Background: Large language models (LLMs) are increasingly used in the medical field and have the potential to reduce workload and improve treatment procedures in clinical practice. This study evaluates the capabilities of LLMs to answer common questions related to patient blood management (PBM) and compares their performance to the expertise of clinicians from two university hospitals.

Methods: To evaluate the performance of ChatGPT-3.5, ChatGPT-4o, and Google Gemini in answering PBM-related questions, we used a representative sample of 40 questions (30 single-choice and 10 frequently asked patient questions) and compared their responses to those of clinicians. The accuracy and interrater reliability of the answers were analyzed.

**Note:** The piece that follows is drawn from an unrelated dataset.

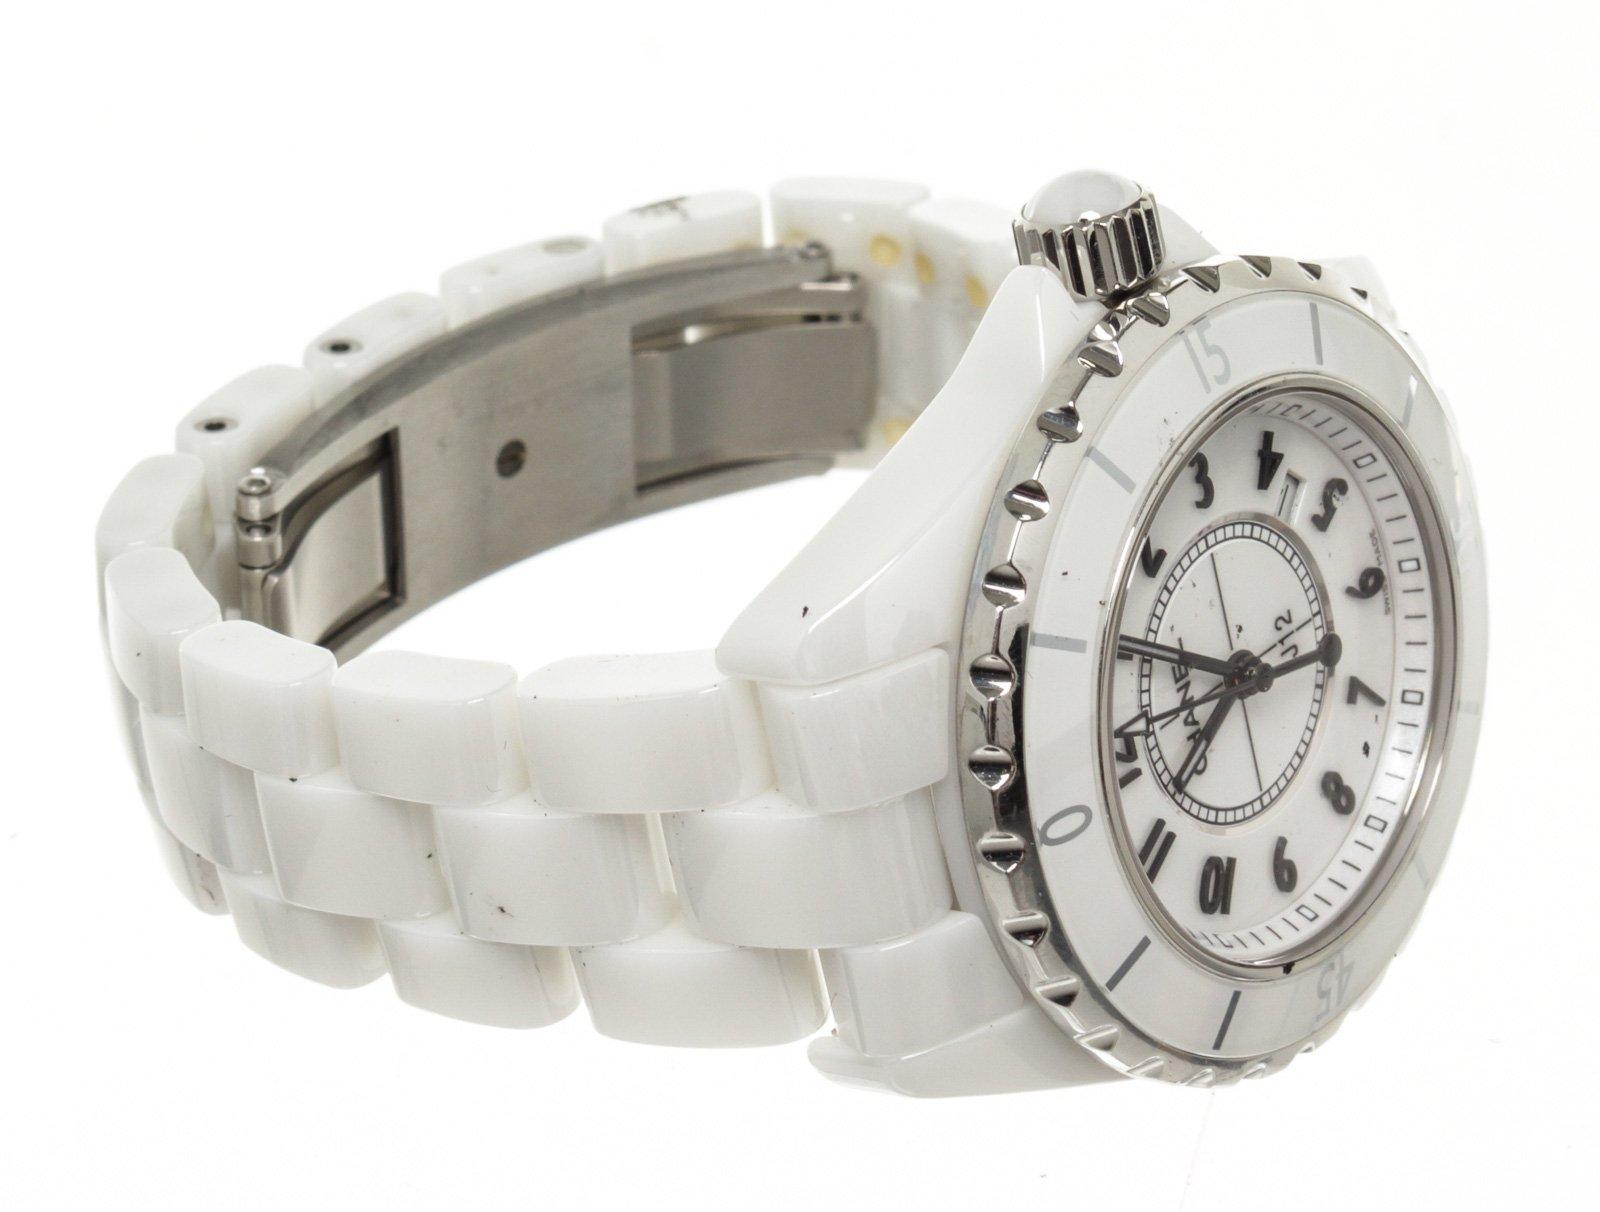 Chanel White Ceramic W/Extra Links Watch with gold-tone hardware.

47249MSC

Results: For PBM knowledge-based questions, the proportion of correct answers was 96.4% (95% CI: 93.6-98.0%) for ChatGPT-4o, 81.3% (95% CI: 77.0-85.7%) for ChatGPT-3.5, and 84.0% (95% CI: 79.4-87.7%) for Google Gemini. Clinicians (N.=82) provided correct answers to 76.5% (95% CI: 74.7-78.1%) of the questions. For frequently asked patient questions, the proportion of correct answers was 100% for ChatGPT-4o, 95.5% (95% CI: 91.4-99.6%) for ChatGPT-3.5 and 91.7% (95% CI: 86.0-97.4%) for Google Gemini. Clinicians provided correct answers to 62.0% (95% CI: 58.7-65.3%) of the questions. Across the categories -anemia management, iron supplementation, cell salvage, principles of PBM, and blood transfusion- ChatGPT-4o achieved the highest scores, providing the most correct answers.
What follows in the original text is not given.